Le discours de l’alcoolique se soutient mal « parce qu’il a toujours une réponse prête là où se pose une question » (Clavreul, 1955, p. 275). Pendant l’alcoolisation, le sujet évoque son délire préféré et pendant l’abstinence, le sujet met en cause l’alcool. Le lien entre ces deux « virtualités » serait la dénégation, la première dénierait la seconde. L’alcoolique pris en tenaille entre ces deux « virtualités » donne à entendre des interrogations fondamentales : « Qui suis-je ? » ou plutôt « qu’est-ce que, pour moi, mon père alcoolique ? ».

Clavreul, dans un texte publié en 1971, évoque la manière dont l'alcoolisme défie le savoir médical. La maladie se définirait de cette manière : « Un mode de réponse de l'organisme à « l'agression » en fonction de l'agression elle-même, laquelle peut être parfaitement tolérée si elle est suffisamment faible devant un organisme suffisamment immunisé » (Clavreul, 1971, p. 276-277).
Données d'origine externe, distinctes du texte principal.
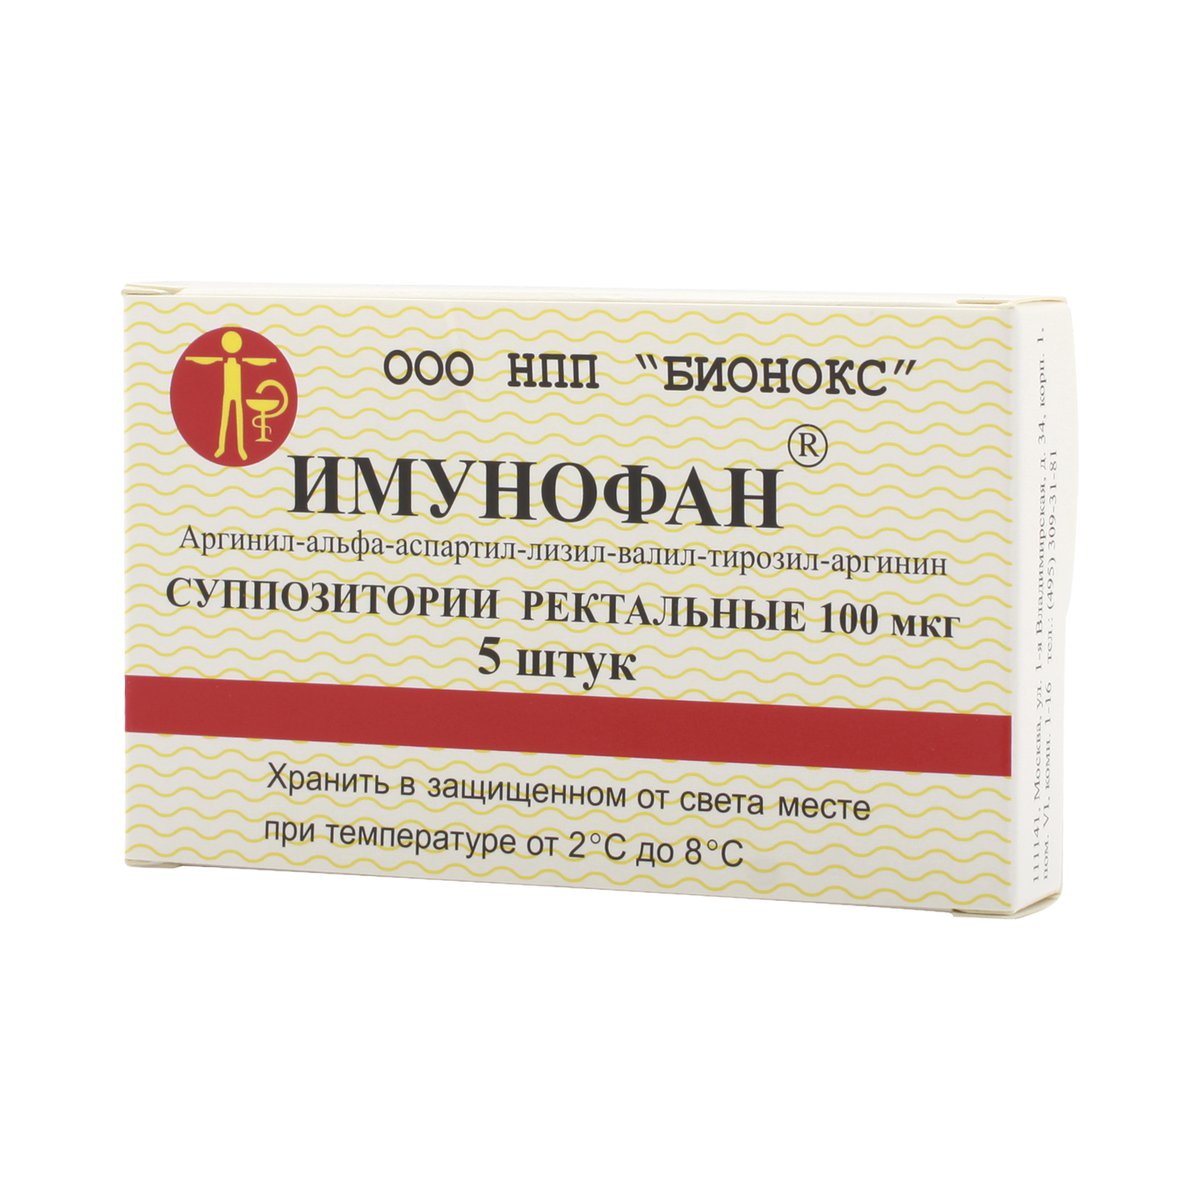 Имунофан (свечи, 5 шт, 100 мкг, ректальные) - цена,  онлайн в .

L'objectif de l'organisme serait de trouver un nouvel équilibre témoin de l'adaptation de l'organisme. Or dans la « maladie » alcoolique, l'organisme ne parvient pas à rétablir l'équilibre, au contraire il aggrave l'atteinte toxique et se fait l'agent de sa propre destruction. Ce qui est en jeu ici est la manière dont l'alcoolisme considéré comme maladie défie le cadre de la pensée médicale. Au vu de ces réflexions, Clavreul infirme la proposition selon laquelle l'alcoolisme serait une maladie puisqu'elle contredit le savoir médical. Ce serait donc autre chose.

La fin de non-recevoir que semble adresser la médecine à l'alcoolisme amène Clavreul à explorer la relation entre le médecin et l'éthylique. Cette relation s’avère conflictuelle : en effet, la prescription de psychotrope visant à soulager ou éliminer les conflits psychologiques supposés être à la source des alcoolisations ont finalement le même statut que ces dites alcoolisations. Le médecin en vient à « interdire » un

toxique tout en se rendant « complice de la toxicomanie médicamenteuse ». Un hiatus semble donc organiser la relation médecin-alcoolique.

Un autre problème se fait jour lorsque le médecin tient cette parole « vous êtes atteint d’une maladie ». En énonçant ceci, Clavreul suppose que le médecin a sur son malade un savoir que son patient ne détient pas, lui permettant de l’orienter vers des actions thérapeutiques. Or dans le cas de l’alcoolisme, tout se complique. L’alcoolisme se manifeste dans la rechute, or sur ceci, le médecin n’a pas de prise. C’est-à-dire qu’aucune action thérapeutique (médicale) ne pourra entériner, selon l’auteur, la répétition de la rechute.

La démarche médicale se manifeste dans les premiers temps par une psychothérapie éducative visant à inculquer à l’alcoolique les effets et les méfaits de l’alcoolique jusqu’à ce que l’éthylique comprenne et qu’il procède à « l’introjection du savoir de l’Autre » (Clavreul, 1971, p. 287). Le médecin assistera à une conversion du sujet puisque le message du médecin « l’alcoolisme est une maladie » adressé à l’alcoolique amène le patient à incarner cet adage et à s’en faire le porte-parole. Celui qui était concerné par ce propos devient celui qui va le propager. Cette conversion est fragile puisqu’elle est soumise à la rechute plus que probable.

Le défi que pose l’alcoolisme à la science médicale se clôt sur une insatisfaction « de devoir admettre que les alcooliques guéris ou non, restent ainsi fascinés par ce seul lieu – leur rapport à l’alcool – où ils consentent à reconnaître l’aliénation de leur désir » (Clavreul, 1971, p. 290).